All of lore.kernel.org
 help / color / mirror / Atom feed
From: Eric Wheeler <bcache@lists.ewheeler.net>
To: Lars Ellenberg <lars.ellenberg@linbit.com>
Cc: Mike Snitzer <snitzer@redhat.com>,
	Eric Wheeler <bcache@lists.ewheeler.net>,
	NeilBrown <neilb@suse.com>, Jens Axboe <axboe@kernel.dk>,
	linux-block@vger.kernel.org,
	"Martin K. Petersen" <martin.petersen@oracle.com>,
	Peter Zijlstra <peterz@infradead.org>,
	Jiri Kosina <jkosina@suse.cz>, Ming Lei <ming.lei@canonical.com>,
	"Kirill A. Shutemov" <kirill.shutemov@linux.intel.com>,
	linux-kernel@vger.kernel.org, linux-raid@vger.kernel.org,
	Takashi Iwai <tiwai@suse.de>,
	linux-bcache@vger.kernel.org, Zheng Liu <gnehzuil.liu@gmail.com>,
	Kent Overstreet <kent.overstreet@gmail.com>,
	Keith Busch <keith.busch@intel.com>,
	dm-devel@redhat.com, Shaohua Li <shli@kernel.org>,
	Ingo Molnar <mingo@redhat.com>, Alasdair Kergon <agk@redhat.com>,
	Roland Kammerer <roland.kammerer@linbit.com>
Subject: Re: [PATCH v2 1/1] block: fix blk_queue_split() resource exhaustion
Date: Wed, 10 Aug 2016 21:16:52 -0700 (PDT)	[thread overview]

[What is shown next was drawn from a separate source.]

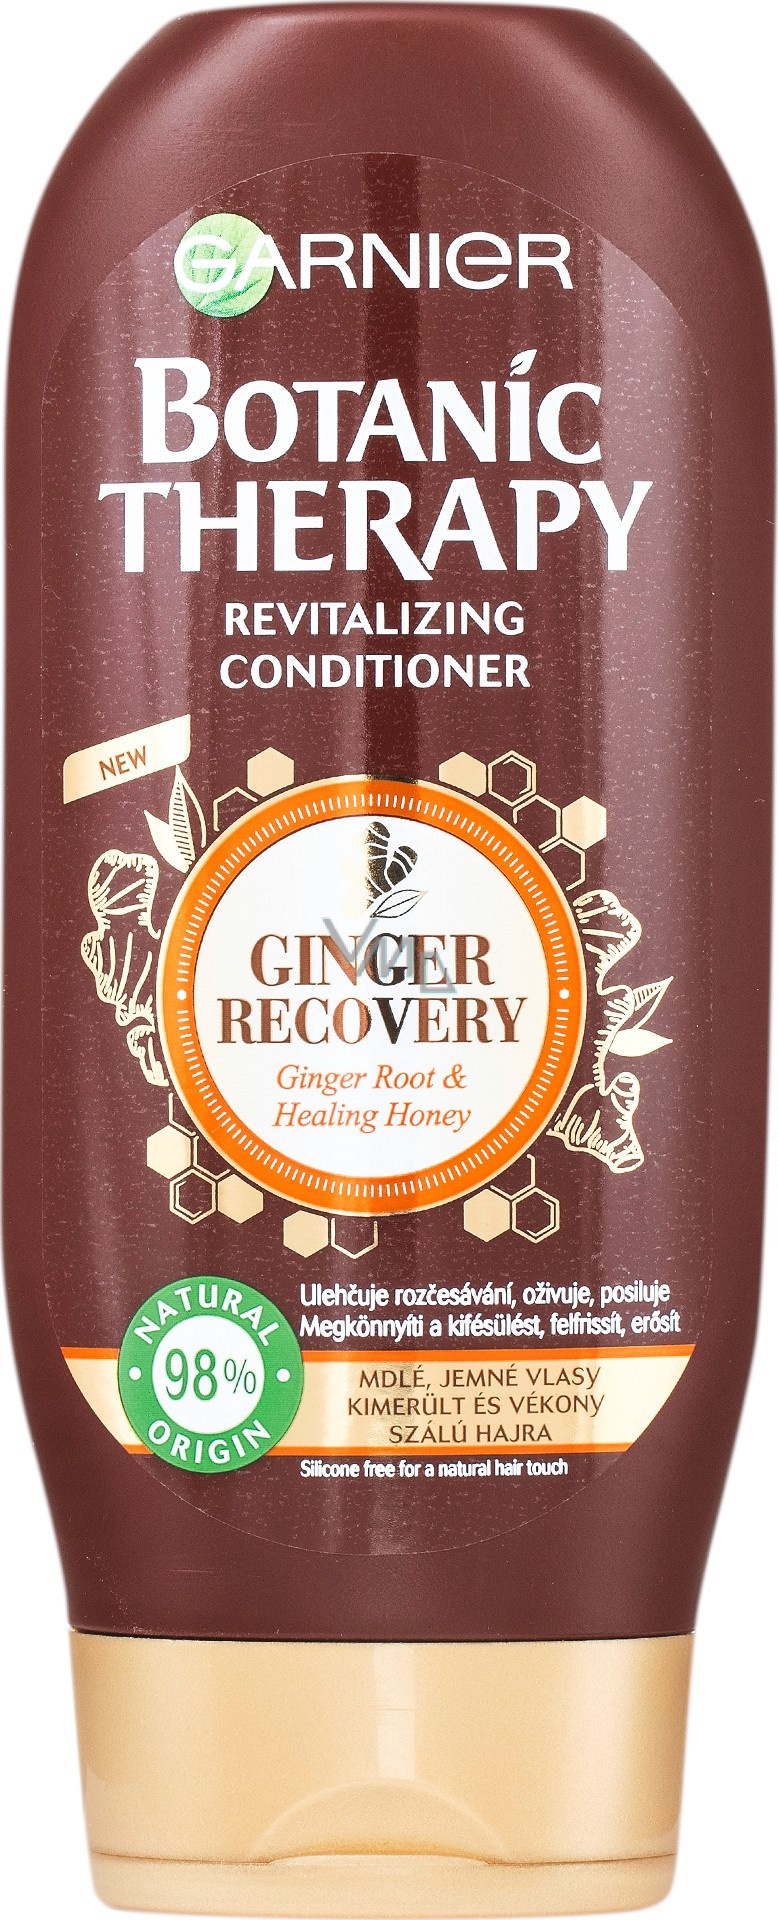 Garnier Ultra Doux Ginger Recovery Revitalizing Conditioner

Message-ID: <alpine.LRH.2.11.1608102103040.10662@mail.ewheeler.net> (raw)
In-Reply-To: <20160719090024.GB20868@soda.linbit>

On Tue, 19 Jul 2016, Lars Ellenberg wrote:
> On Tue, Jul 12, 2016 at 10:32:33PM -0400, Mike Snitzer wrote:
> > On Tue, Jul 12 2016 at 10:18pm -0400,
> > Eric Wheeler <bcache@lists.ewheeler.net> wrote:
> > 
> > > On Tue, 12 Jul 2016, NeilBrown wrote:
> > > 
> > > > On Tue, Jul 12 2016, Lars Ellenberg wrote:
> > > > ....
> > > > >
> > > > > Instead, I suggest to distinguish between recursive calls to
> > > > > generic_make_request(), and pushing back the remainder part in
> > > > > blk_queue_split(), by pointing current->bio_lists to a
> > > > > 	struct recursion_to_iteration_bio_lists {
> > > > > 		struct bio_list recursion;
> > > > > 		struct bio_list queue;
> > > > > 	}
> > > > >
> > > > > By providing each q->make_request_fn() with an empty "recursion"

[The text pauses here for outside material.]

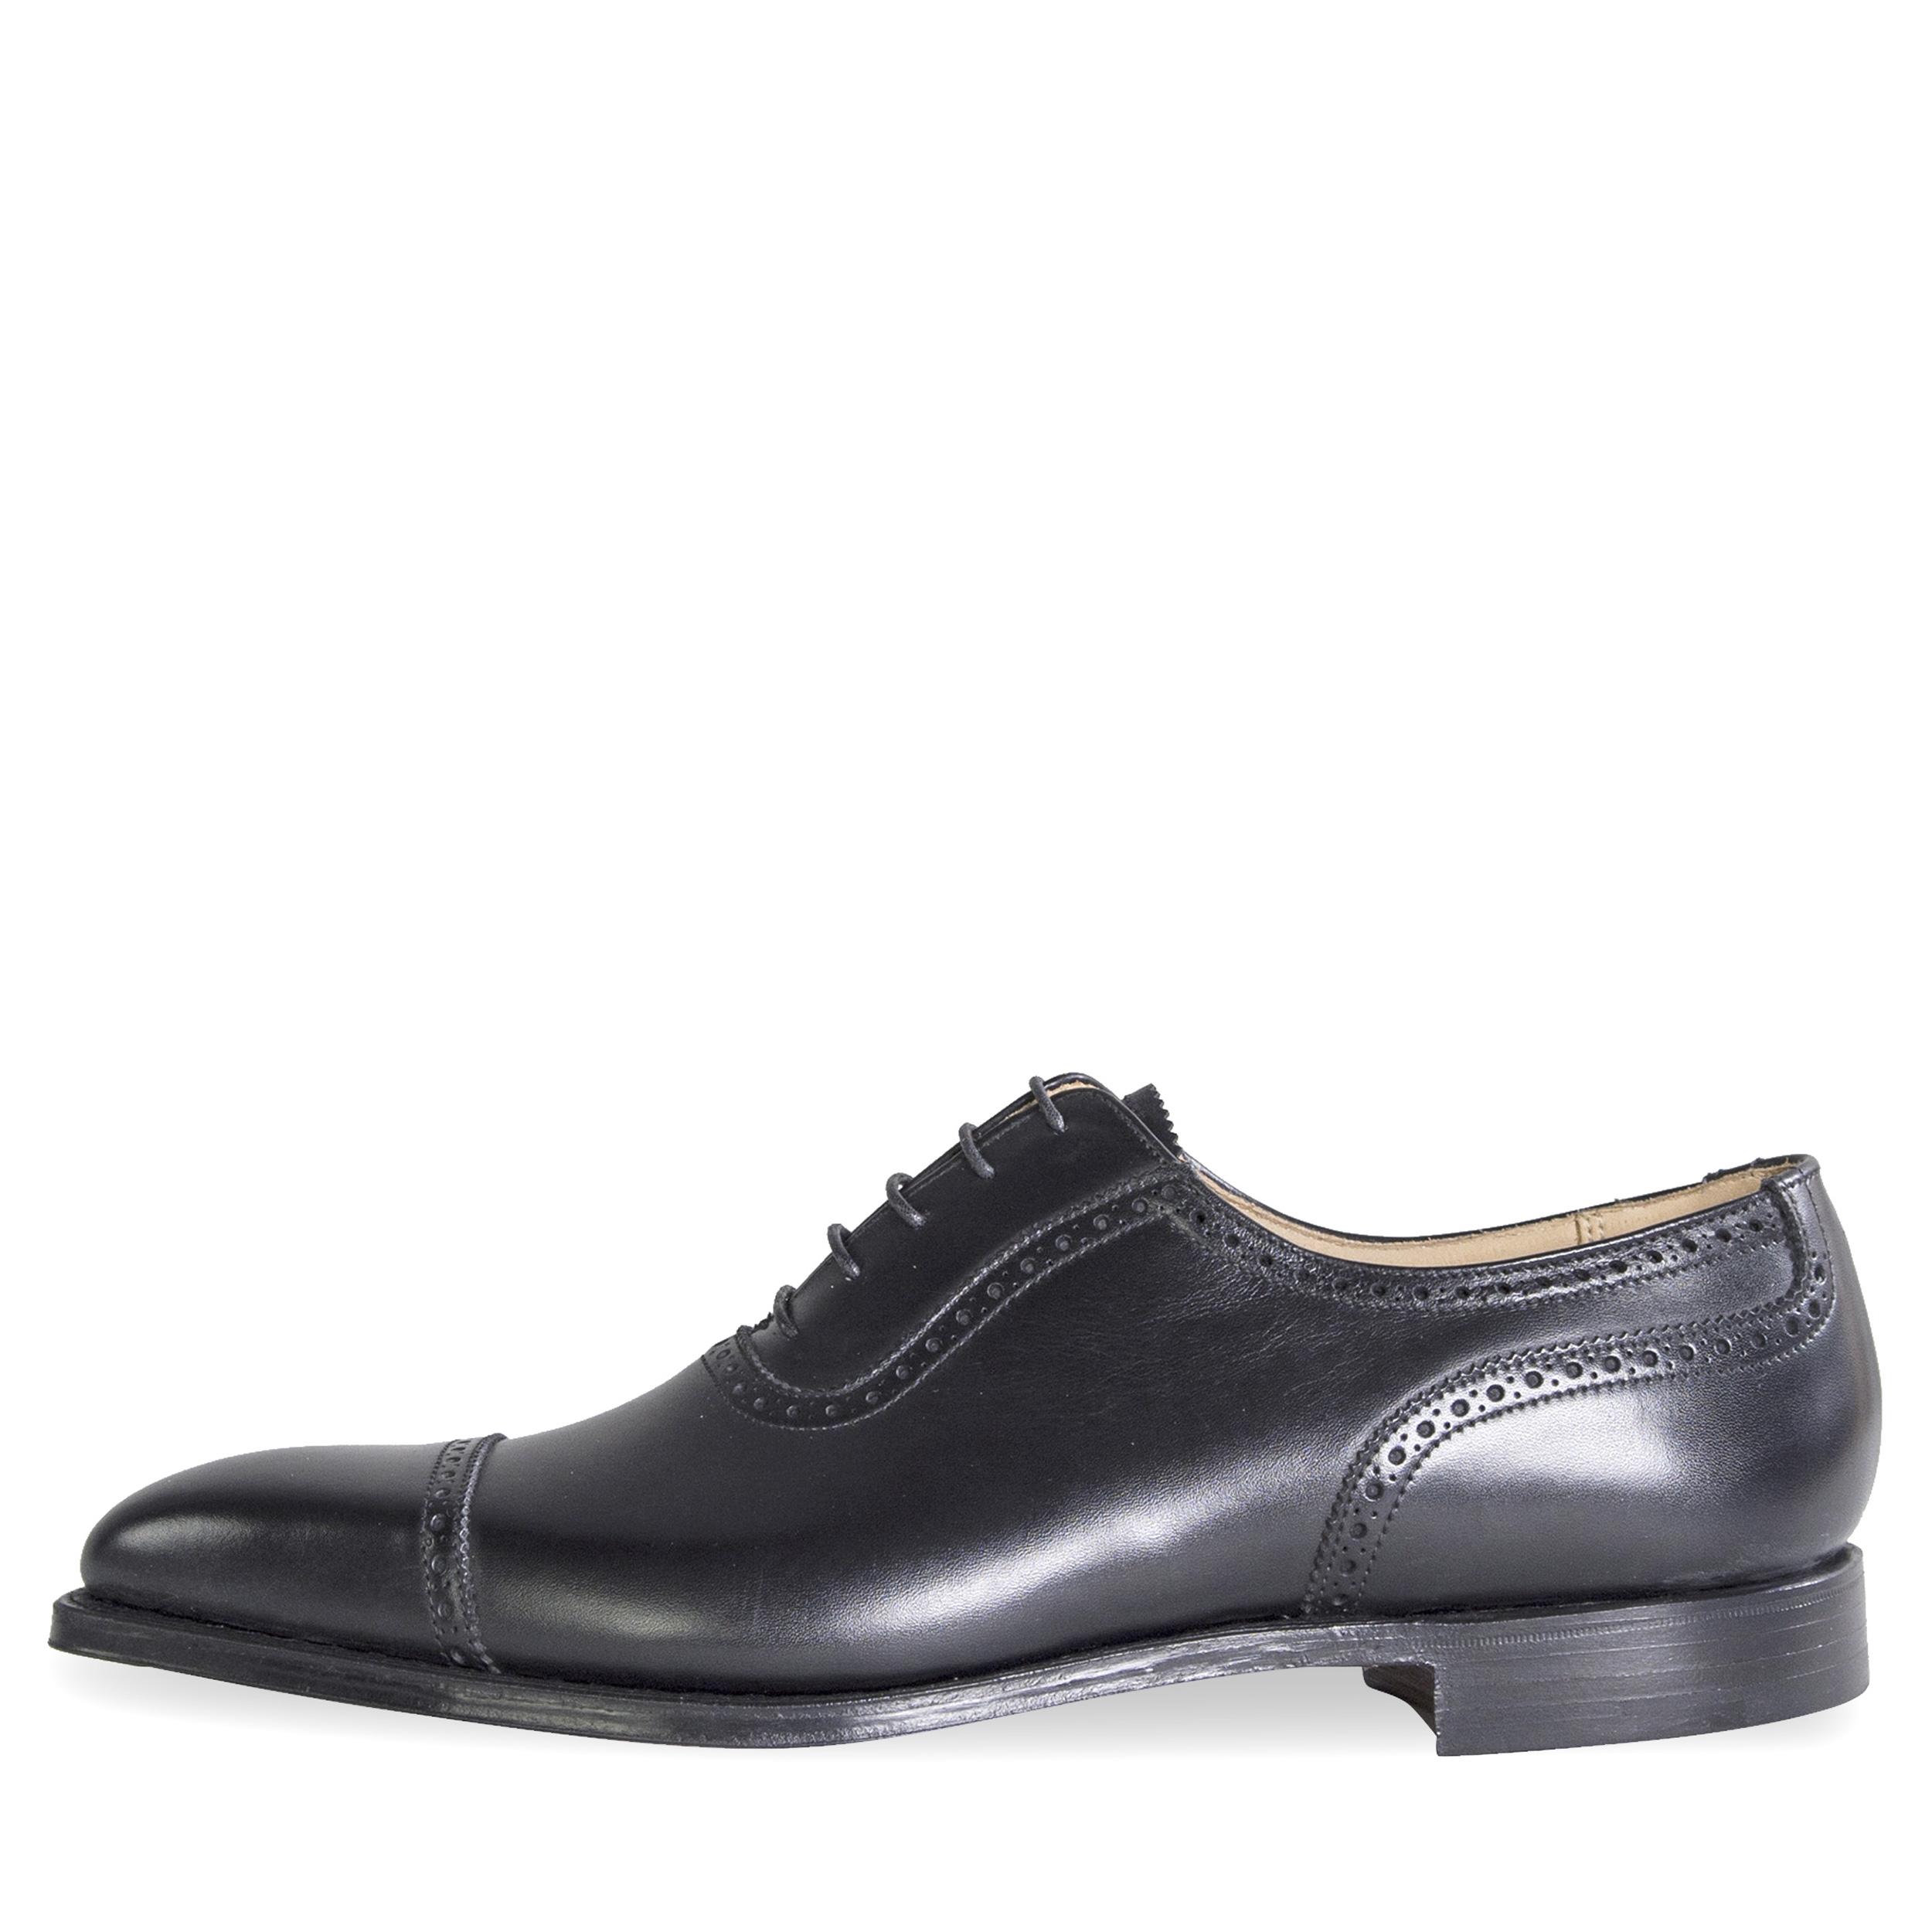 Crockett and Jones 'westbourne' Calf Leather Punched Toe Cap Shoes ...

> > > > > bio_list, then merging any recursively submitted bios to the
> > > > > head of the "queue" list, we can make the recursion-to-iteration
> > > > > logic in generic_make_request() process deepest level bios first,
> > > > > and "sibling" bios of the same level in "natural" order.
> > > > >
> > > > > Signed-off-by: Lars Ellenberg <lars.ellenberg@linbit.com>
> > > > > Signed-off-by: Roland Kammerer <roland.kammerer@linbit.com>
> > > > 
> > > > Reviewed-by: NeilBrown <neilb@suse.com>
> > > > 
> > > > Thanks again for doing this - I think this is a very significant
> > > > improvement and could allow other simplifications.
> > > 
> > > Thank you Lars for all of this work!  
> > > 
> > > It seems like there have been many 4.3+ blockdev stacking issues and this 
> > > will certainly address some of those (maybe all of them?).  (I think we 
> > > hit this while trying drbd in 4.4 so we dropped back to 4.1 without 
> > > issue.)  It would be great to hear 4.4.y stable pick this up if 
> > > compatible.
> > > 
> > > 
> > > Do you believe that this patch would solve any of the proposals by others 
> > > since 4.3 related to bio splitting/large bios?  I've been collecting a 
> > > list, none of which appear have landed yet as of 4.7-rc7 (but correct me 
> > > if I'm wrong):

[... cut unrelated A,B ... ]

> > > C.  [1/3] block: flush queued bios when process blocks to avoid deadlock
> > > 	by Mikulas Patocka: https://patchwork.kernel.org/patch/9204125/
> > > 		(was https://patchwork.kernel.org/patch/7398411/)
> 
> As it stands now, this is yet an other issue, but related.
> 
> From the link above:
> 
> | ** Here is the dm-snapshot deadlock that was observed:
> | 
> | 1) Process A sends one-page read bio to the dm-snapshot target. The bio
> | spans snapshot chunk boundary and so it is split to two bios by device
> | mapper.
> | 
> | 2) Device mapper creates the first sub-bio and sends it to the snapshot
> | driver.
> | 
> | 3) The function snapshot_map calls track_chunk (that allocates a
> | structure
> | dm_snap_tracked_chunk and adds it to tracked_chunk_hash) and then remaps
> | the bio to the underlying device and exits with DM_MAPIO_REMAPPED.
> | 
> | 4) The remapped bio is submitted with generic_make_request, but it isn't
> | issued - it is added to current->bio_list instead.
> | 
> | 5) Meanwhile, process B (dm's kcopyd) executes pending_complete for the
> | chunk affected be the first remapped bio, it takes down_write(&s->lock)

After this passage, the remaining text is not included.